Was sollten unsere Ziele für die Zukunft des ländlichen Raums und für die Sicherung gleichwertiger Lebensverhältnisse sein?

Wenn raumordnungsmäßig ganz Sachsen-Anhalt mit Ausnahme von Magdeburg und Halle als ländlicher Raum gilt, müssen unsere Ziele auch auf diese Gesamtheit ausgerichtet sein.

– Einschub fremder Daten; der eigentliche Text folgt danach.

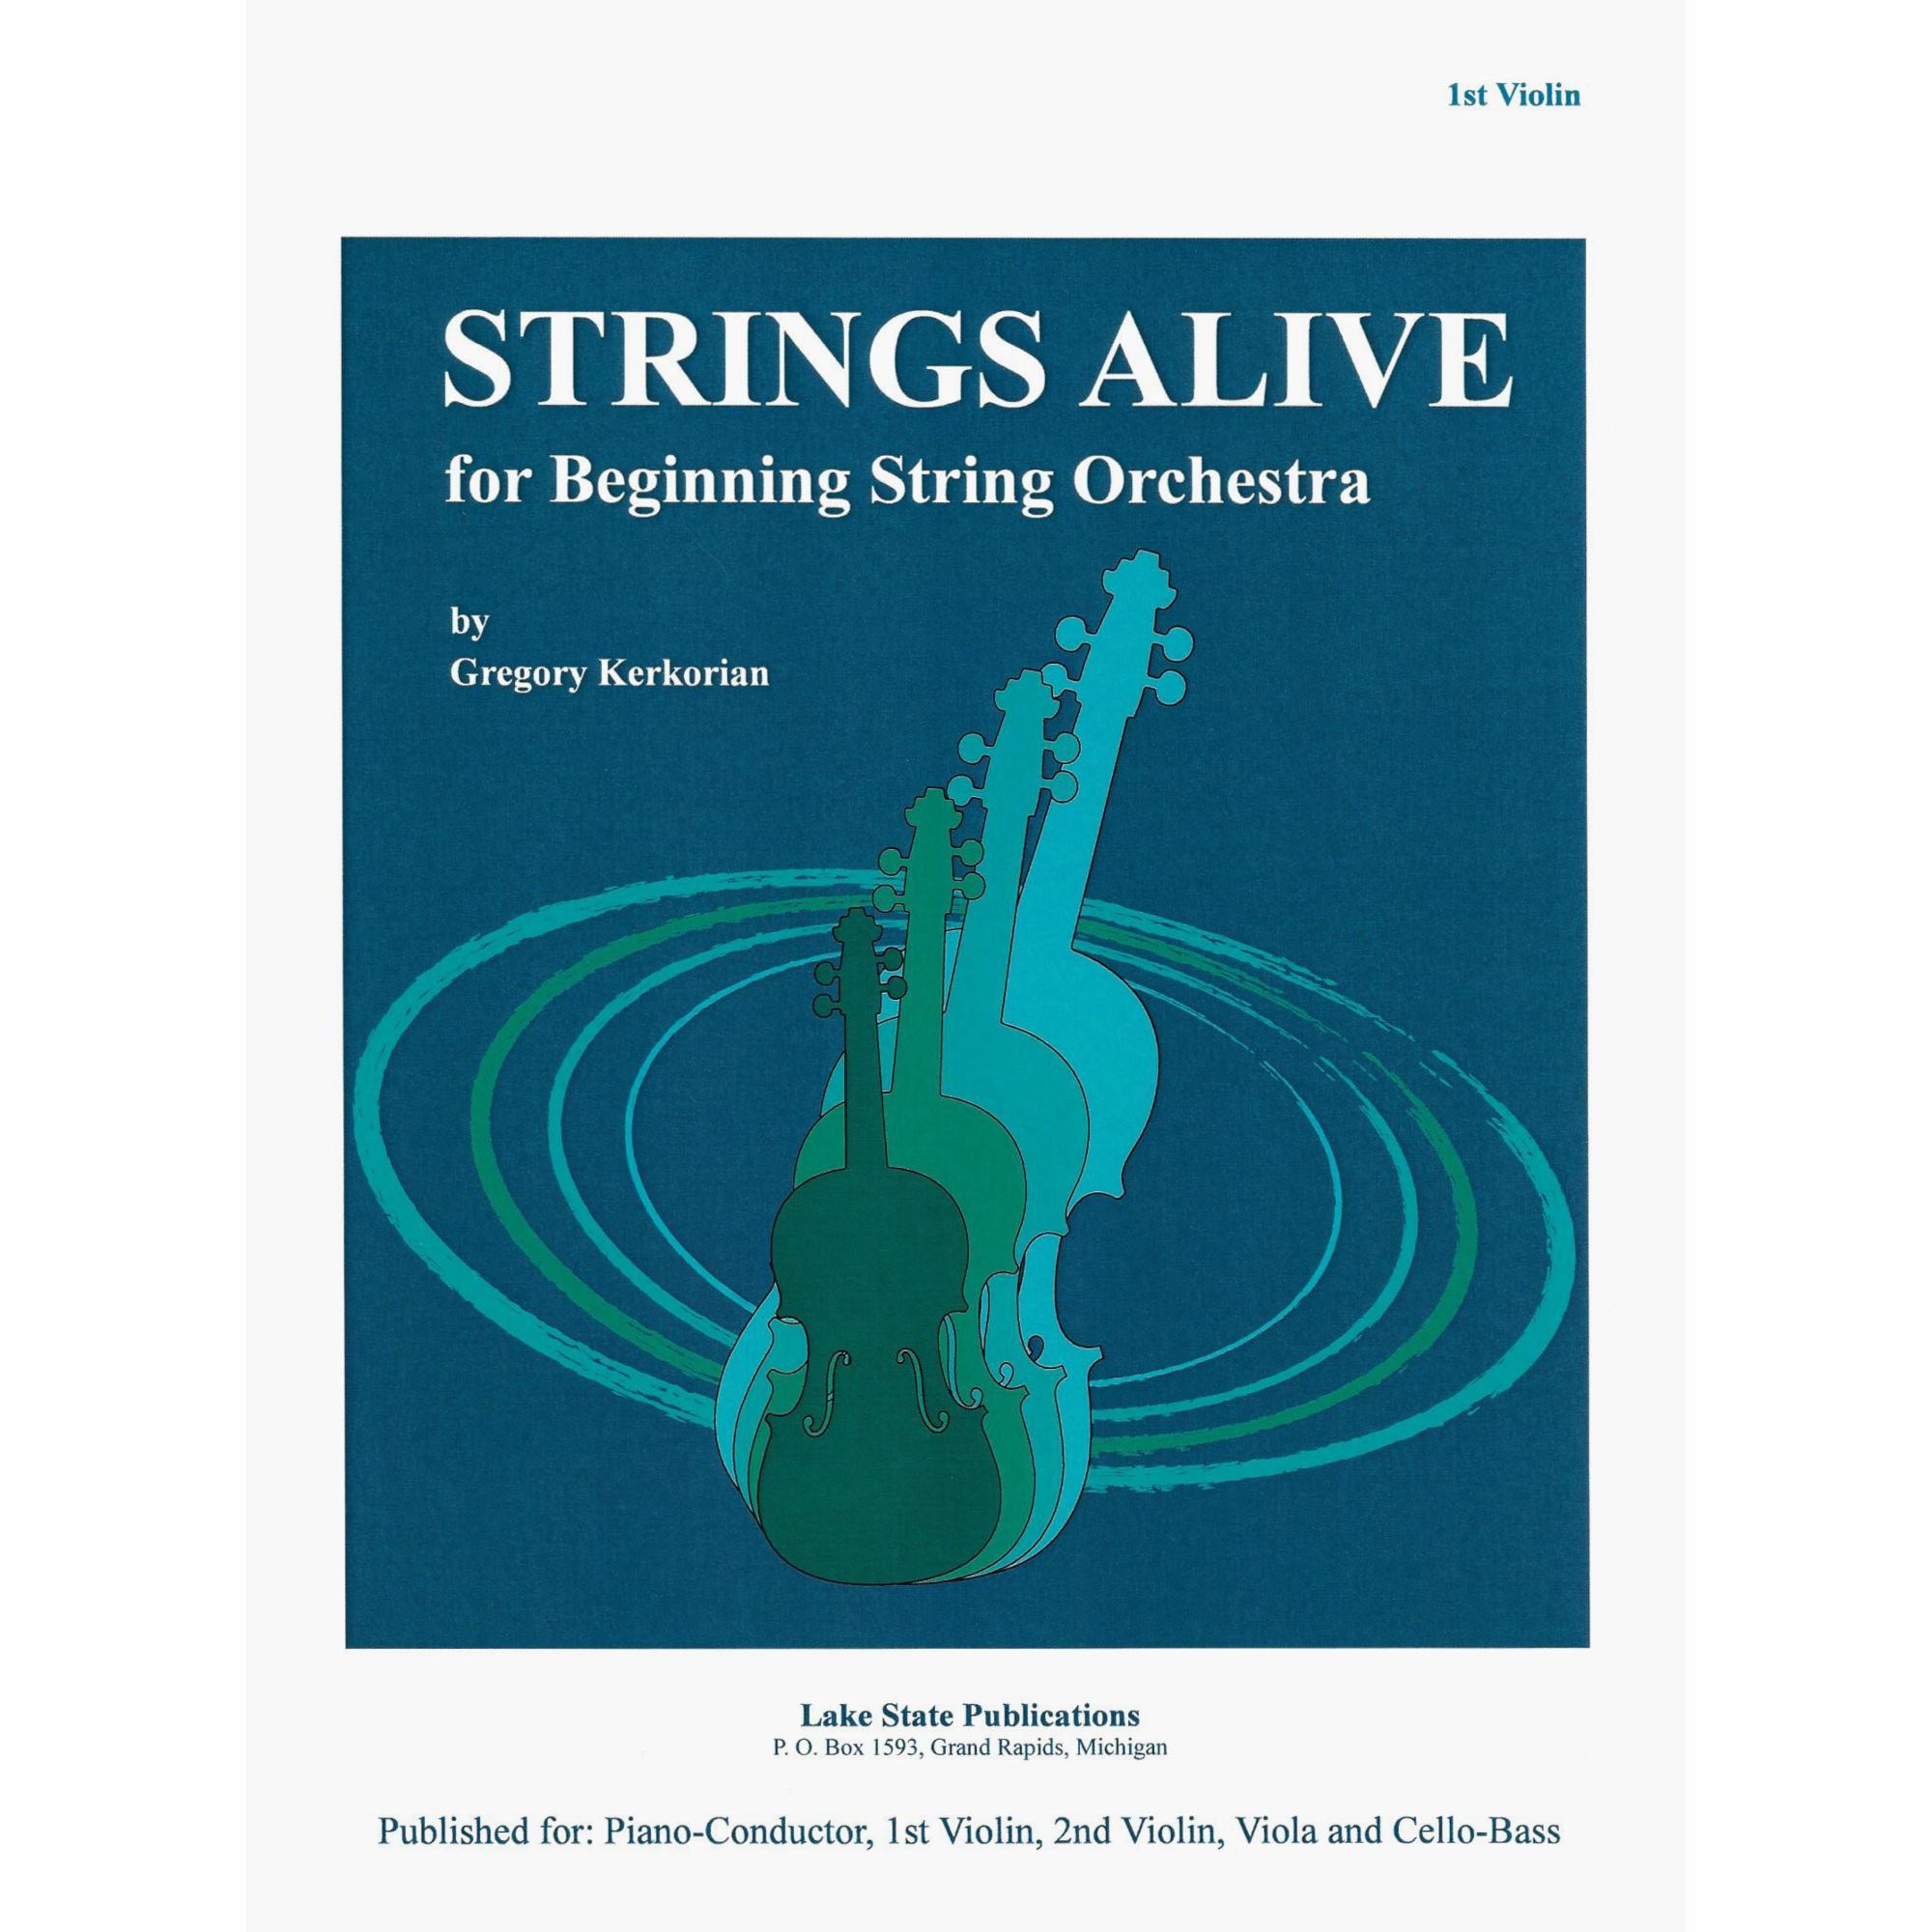 Strings Alive for Beginning String Orchestra

Deshalb sollte für jede Kommune ein Integriertes Stadt/Gemeinde-Entwicklungskonzept bezogen auf die Bereiche der Daseinsvorsorge gegeben sein, auf dessen Basis die Unterstützung des jeweiligen Standorts bedarfsgerecht und zukunftsorientiert vorgenommen werden sollte.

Gleichwertige Lebensverhältnisse in Sachsen-Anhalt sind anzustreben, wobei allerdings auch genauer definiert werden sollte, was darunter konkret zu verstehen ist, um dies dann den Menschen vor Ort erklären zu können.

Wie können wir die SPD im ländlichen Raum stärken?

Es muss wieder Freude machen, sich in der SPD vor Ort zu engagieren. Dazu sollte unsere Bundes-und Landespartei mit klaren Positionen und organisatorischer Hilfe ihren Beitrag leisten. Natürlich müssen wir mehr Präsenz zeigen vor Ort,wozu ich selbst im Falle meiner Wahl sehr gerne bereit wäre. Wenn unsere Partei eine Mitglieder-und Mitmach-Partei sein will, müssen wir auch attraktive Angebote machen.